Nicht Sünder, nicht weltlich Gesinnte spricht der Apostel auf diese Weise an, sondern diejenigen, die sich der Wahrheit erfreut haben und die sich zumindest über den ersten Schritt der Herzensreinigung, nämlich der Rechtfertigung, erfreut haben; und deren Herzen durch das Versäumnis, das Gesetz der Liebe als herrschendes Prinzip in ihnen aufrechtzuerhalten, verunreinigt wurden. Anstatt von Liebe erfüllt zu sein, ist die Selbstsucht mit all ihren Verunreinigungen wieder als herrschendes Prinzip des Herzens entgegengenommen worden. Solche haben den Geist der Welt und üben ihn manchmal in einem viel größeren Maß an Feindseligkeit aus, als die Welt es tut.

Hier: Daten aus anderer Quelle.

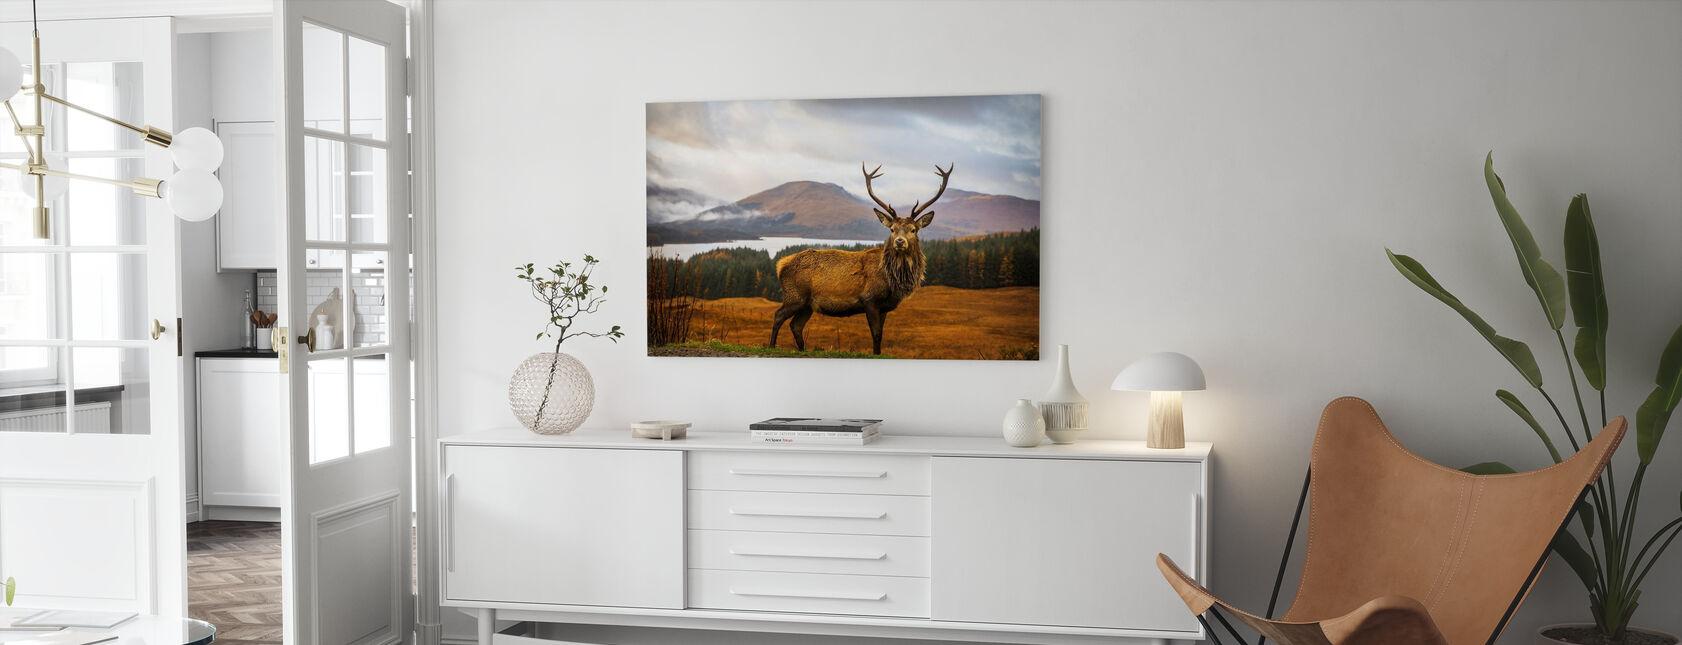 Skotsk hjort - Lerretsbilde - Stue

Sie sind besonders bereit, wie der Apostel andeutet, das Verhalten und die Motive anderer in Zweifel zu ziehen. Da sie selbst selbstsüchtig sind, schreiben sie allen anderen Selbstsucht zu; da sie selbst unrein sind, schreiben sie anderen Unreinheit zu; da sie den Geist der Liebe, der nichts Böses denkt, verloren haben, füllen sich ihre Herzen schnell mit selbstsüchtigen, neidischen, lieblosen, gottlosen und unfreundlichen Gefühlen gegenüber denen, die wahrhaftig, aufrichtig und edel sind.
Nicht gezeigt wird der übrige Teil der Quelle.